HEADLINE NEWS
Assa Abloy Seeks to Tap Market For NFC Mobile Keys

Sweden-based door-lock system supplier Assa Abloy–hoping to tap what it believes will be a growing market for NFC-based digital keys–is tuning its sales pitch with a formalized offer, called Seos.
The company, which owns some of the biggest brands in hotel and office building access-control systems, including VingCard Elsafe and HID Global, along with large conventional lock makers, said it is offering applications for mobile keys that work on all major smartphone platforms and which can be loaded onto SIM cards or other secure elements. The company first introduced the offer last year.
Daniel Berg, vice president of Assa Abloy’s Mobile Keys unit, told NFC Times the company has developed a trusted service manager platform to deliver and manage digital keys over the mobile network for hotels, building managers and other service providers. The Seos offer also includes contactless readers and locks and software development kits for application developers, the company said.
Assa Abloy hopes to see its products enabling guests to receive digital room keys before arriving at the hotel and enabling them to check in and out with a tap of their mobile phones. The hotel could revoke the keys over the air after the guest leaves.
Security staff in office buildings could send temporary digital keys to visitors and service personnel over the mobile network and the keys could be protected by mobile phone PIN codes, said Assa Abloy.
The offer also would enable homeowners to send the encrypted digital keys to visitors, handymen and babysitters from their mobile phones and revoke the keys when necessary.
“Homeowners no longer have to lend out physical keys and worry about them being lost or copied,” said the company in an announcement this week.
For the system to work, Assa Abloy or the hotel chains or other service providers that use Seos would need to strike deals with mobile operators or other owners of secure elements in NFC phones.
Assa Abloy’s HID Global unit announced a deal last year with Research In Motion that would enable enterprises to store their corporate badges and other access-control and ID applications on embedded chips in NFC-enabled BlackBerrys.
The company’s TSM would work with the TSM for RIM, ensuring that mobile keys would be delivered to a secure domain carved out in the embedded chip in the BlackBerrys.
Berg told NFC Times that the mobile keys applets support Java Card technology, used in nearly all SIMs and embedded chips.
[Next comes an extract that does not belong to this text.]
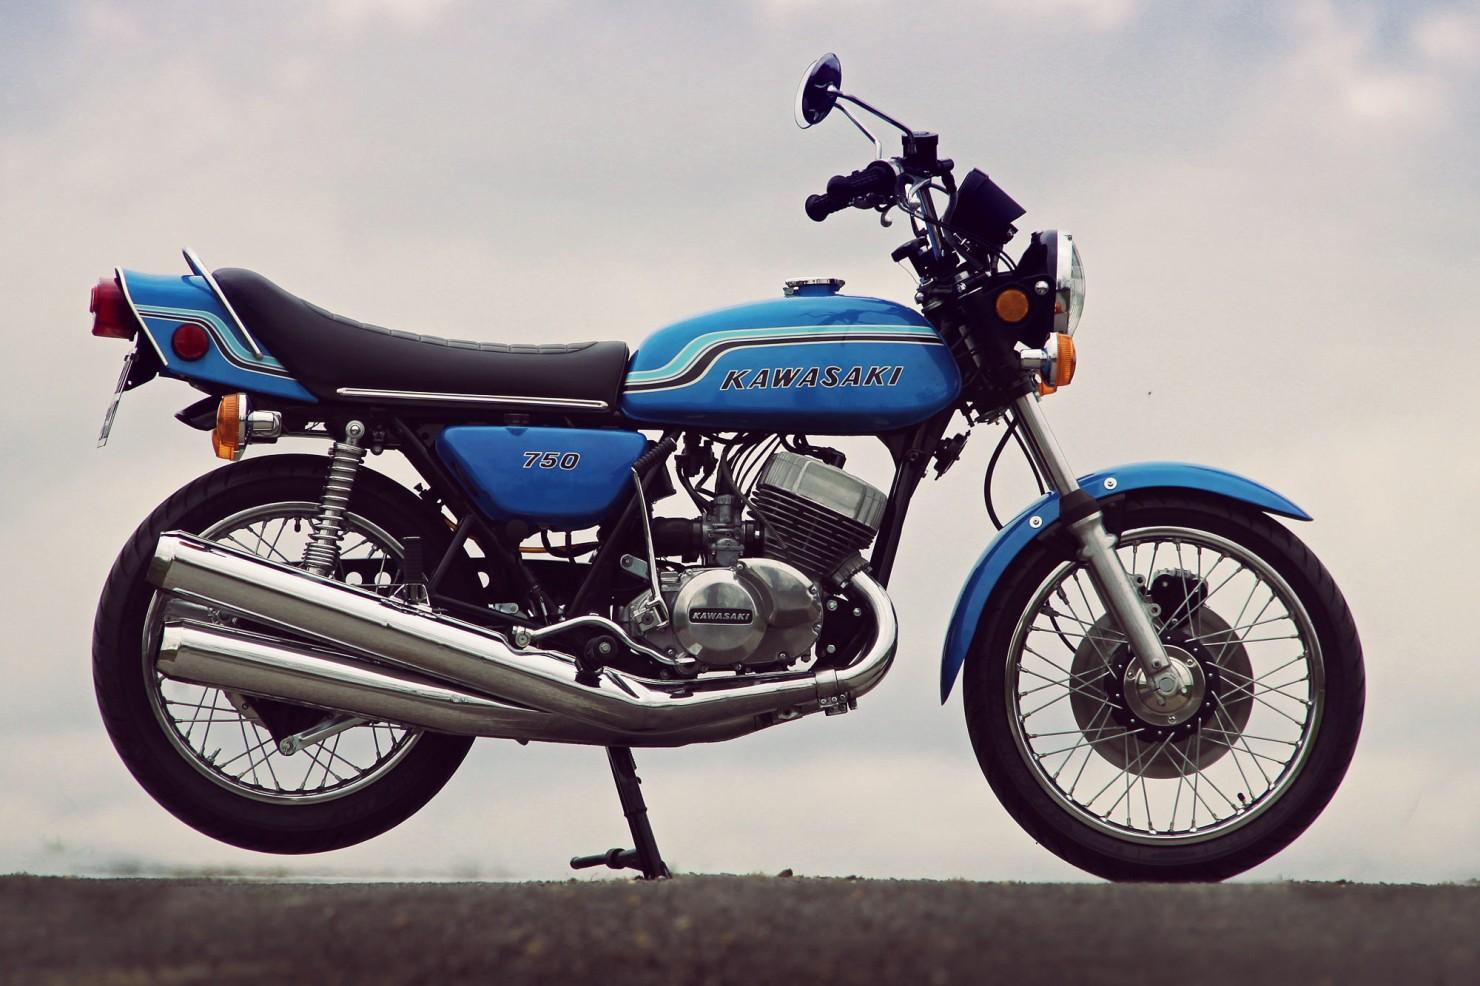 Kawasaki_H2_750_1

The applet also could run on a secure element in microSD cards, said the company.
Besides the BlackBerry operating system, Berg said the Seos system could run on Android, Windows Phone 8 and Apple’s iOS devices. The latter would require an NFC-enabled add-on for the iPhone.
Berg declined to name any planned commercial rollouts. Assa Abloy launched one of the first pilots of its kind in late 2010, enabling about 30 guests and employees of the Clarion Hotel in Stockholm, Sweden to check-in, receive their door keys and enter their rooms, all with their NFC phones. The pilot put digital keys on SIM cards in Samsung S5230 NFC phones.
Assa Abloy participated in other trials at Arizona State University in the U.S., and at office buildings in Europe and in the U.S., said Berg.